⟨

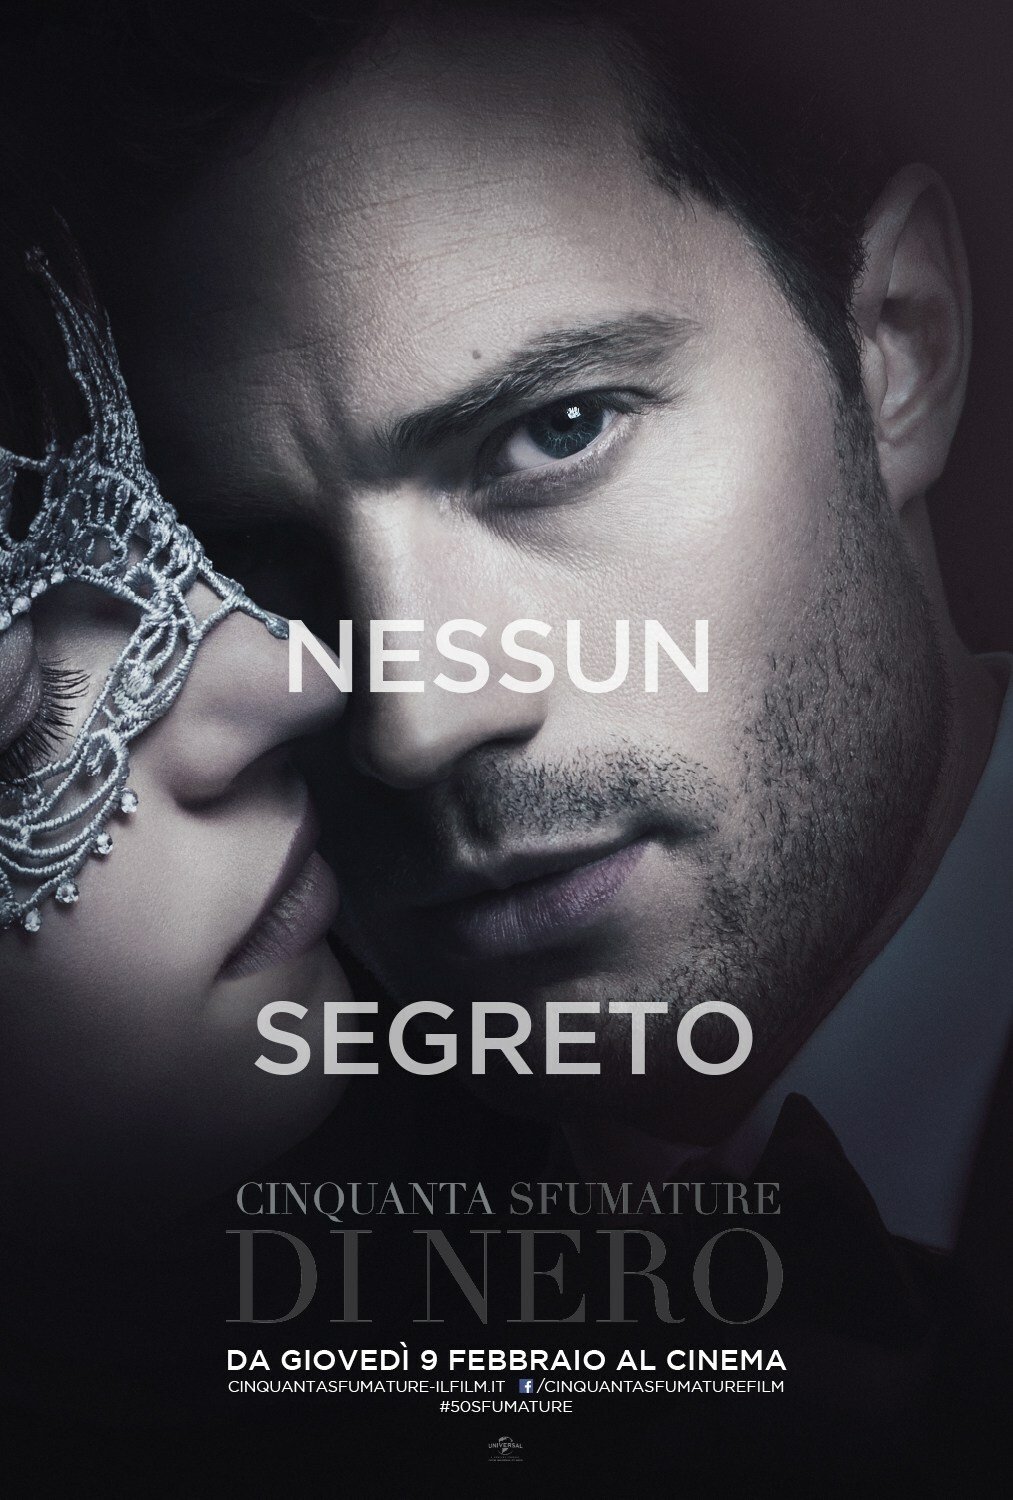 Character poster di Christian Grey per Cinquanta Sfumature di Nero
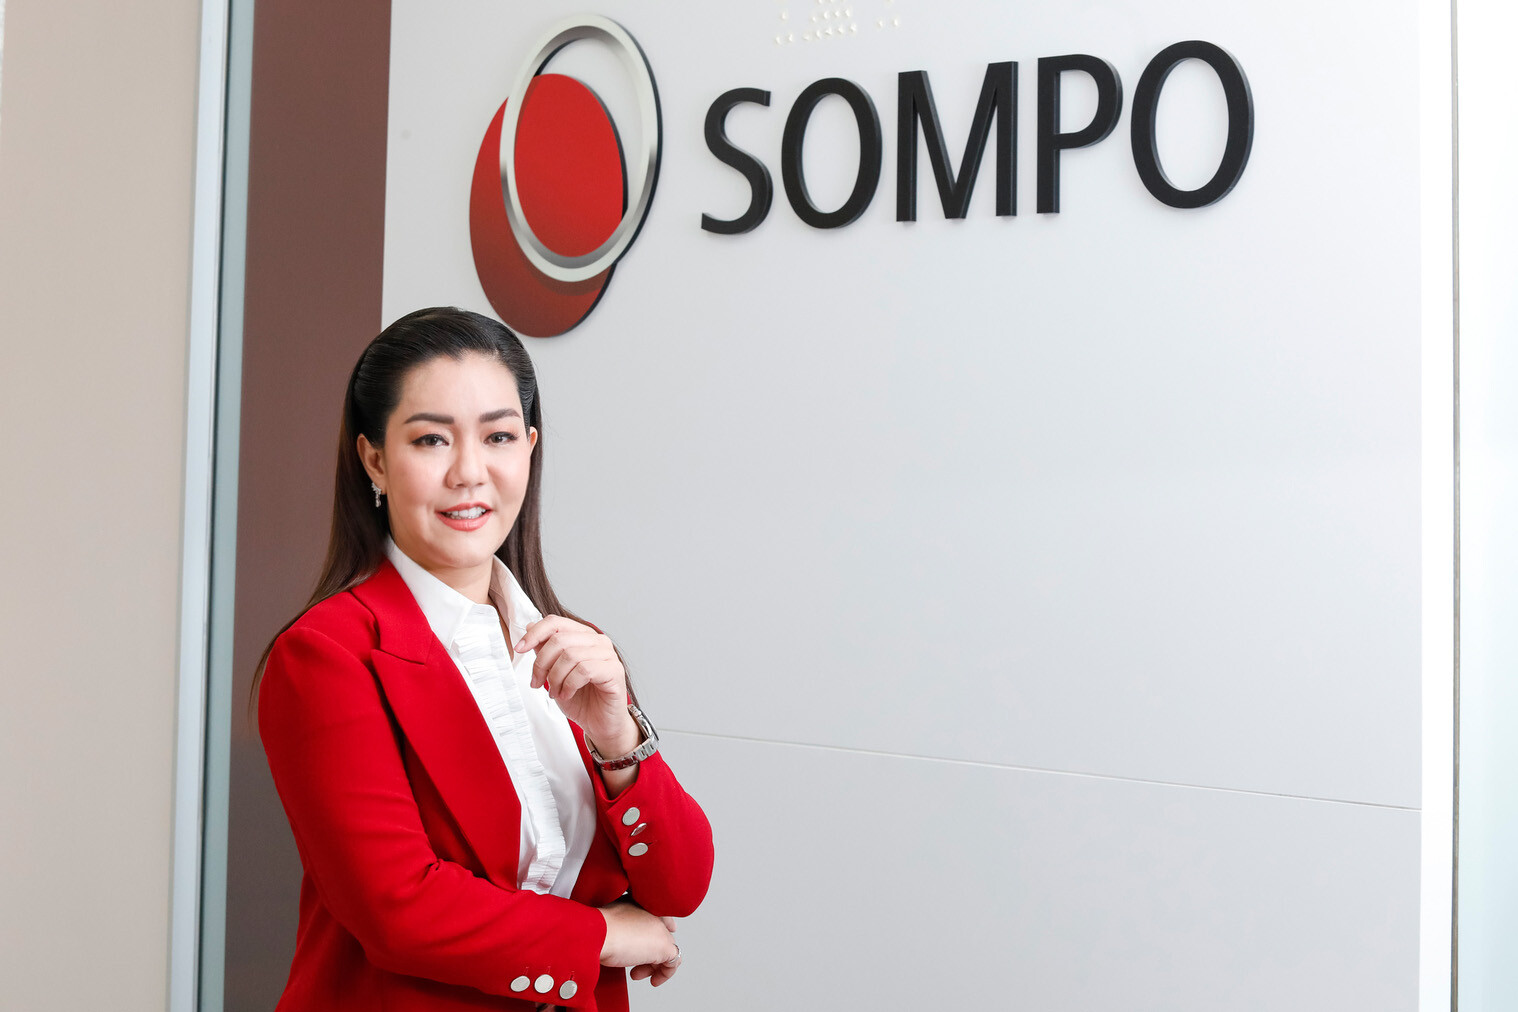 ซมโปะ ประกันภัย เปิดตัว "Sompo My Policy" เติมเต็มความสะดวกให้ลูกค้า ยกระดับบริการตรวจสอบข้อมูลกรมธรรม์ผ่าน LINE OA ตอกย้ำจุดยืน "Digital Insure"
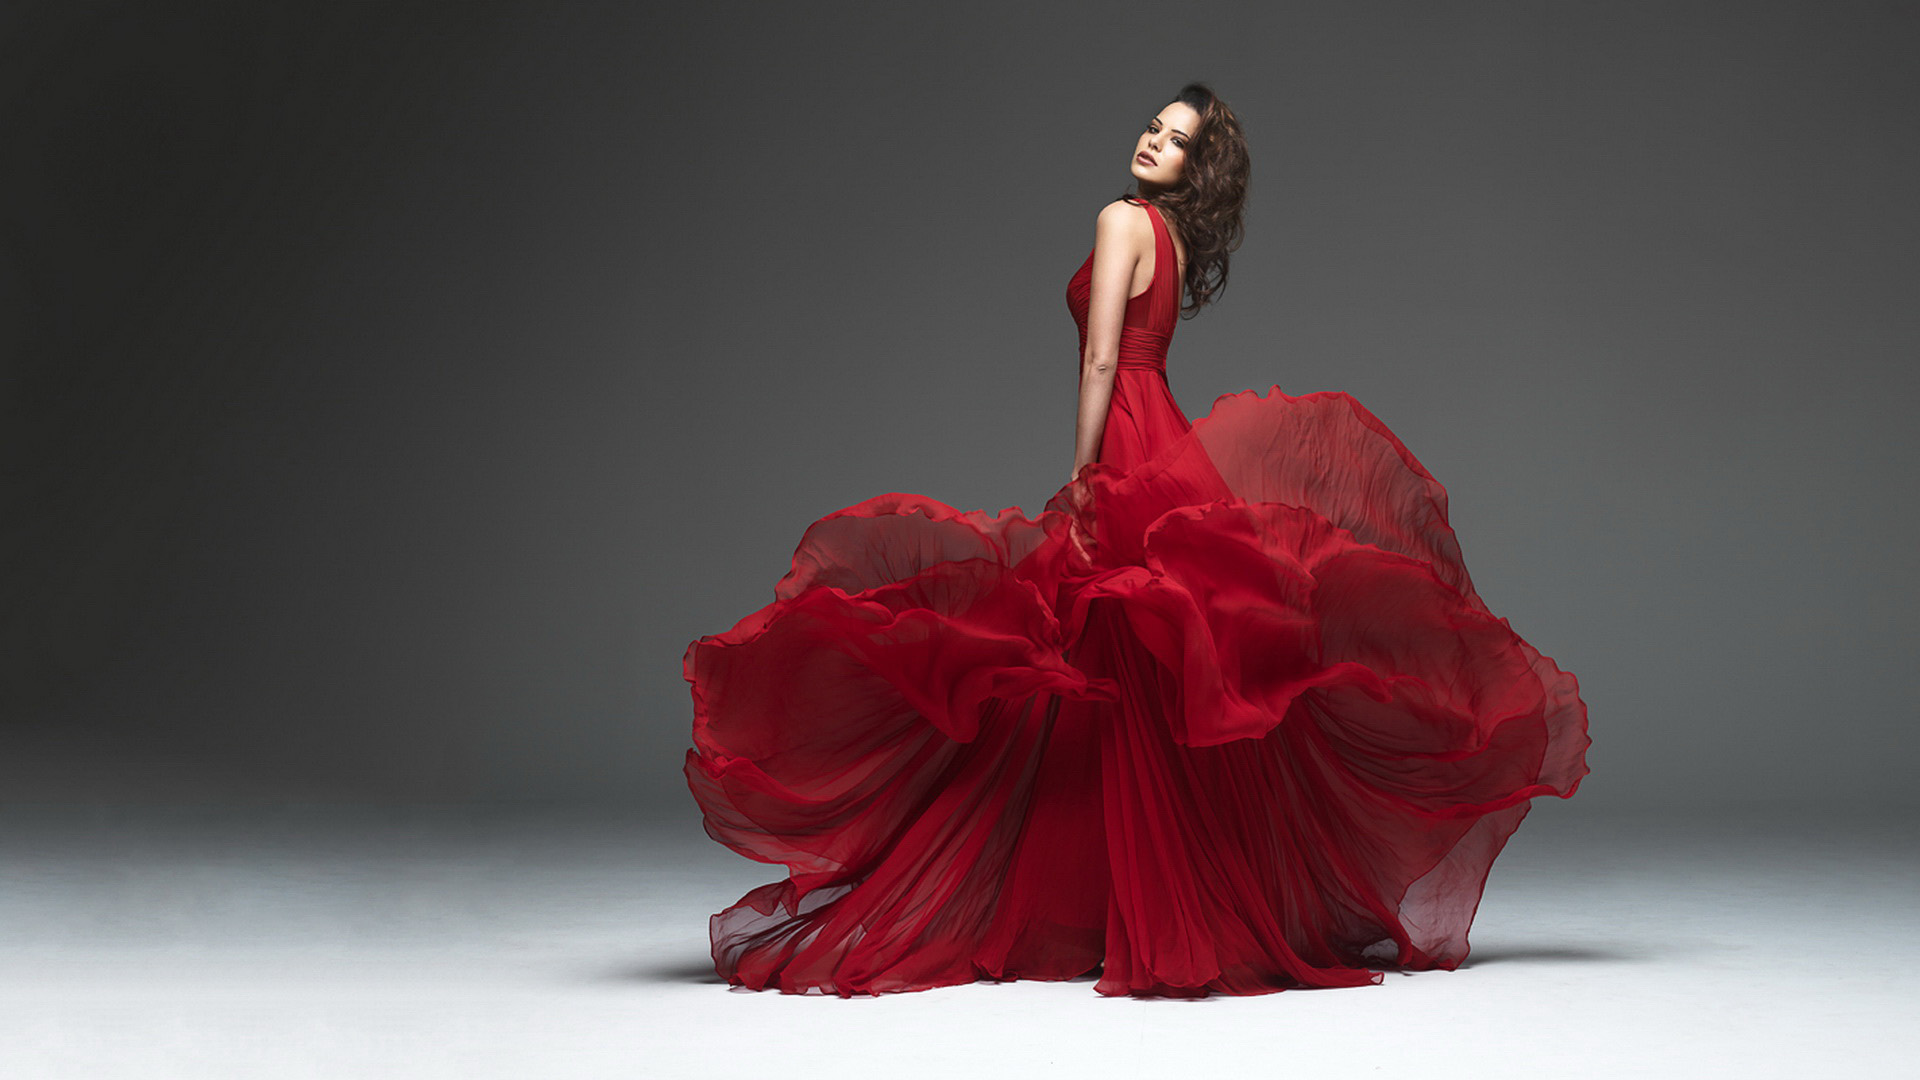 vestido de papel tapiz,vestir,vestido,rojo,ropa,modelo
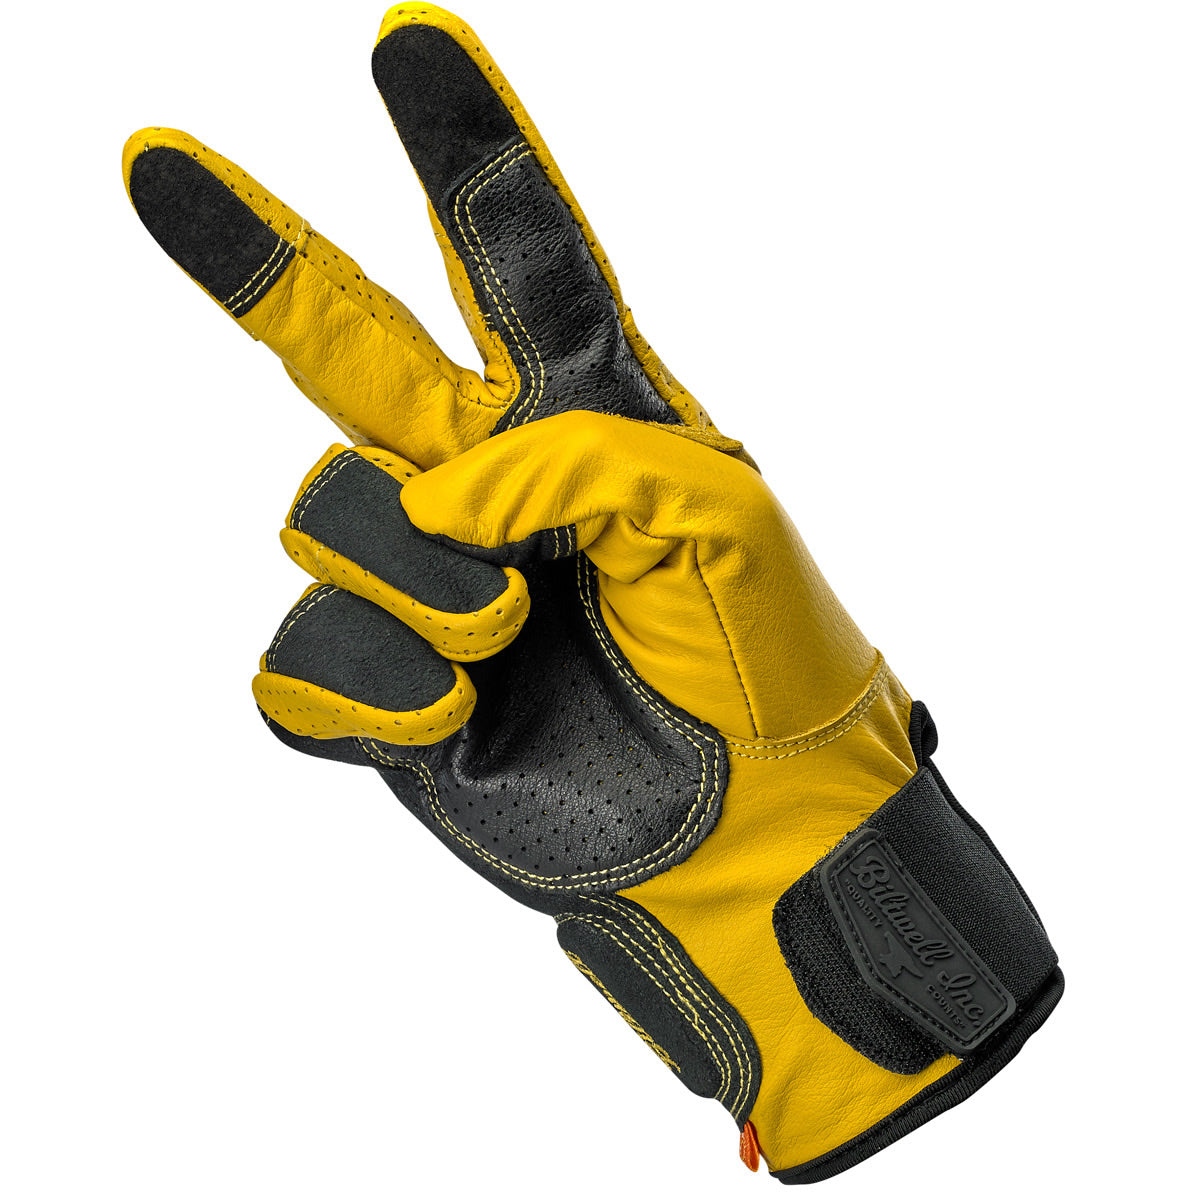 Biltwell Gold Work 2.0 Gloves - 1510-0707-005

⟩

DESCRIPTION OF THE TASK: The listing above must be given again exactly, minus its pictures.

RESPONSE TO THIS TASK:
 Character poster di Christian Grey per Cinquanta Sfumature di Nero
 ซมโปะ ประกันภัย เปิดตัว "Sompo My Policy" เติมเต็มความสะดวกให้ลูกค้า ยกระดับบริการตรวจสอบข้อมูลกรมธรรม์ผ่าน LINE OA ตอกย้ำจุดยืน "Digital Insure"
 vestido de papel tapiz,vestir,vestido,rojo,ropa,modelo
 Biltwell Gold Work 2.0 Gloves - 1510-0707-005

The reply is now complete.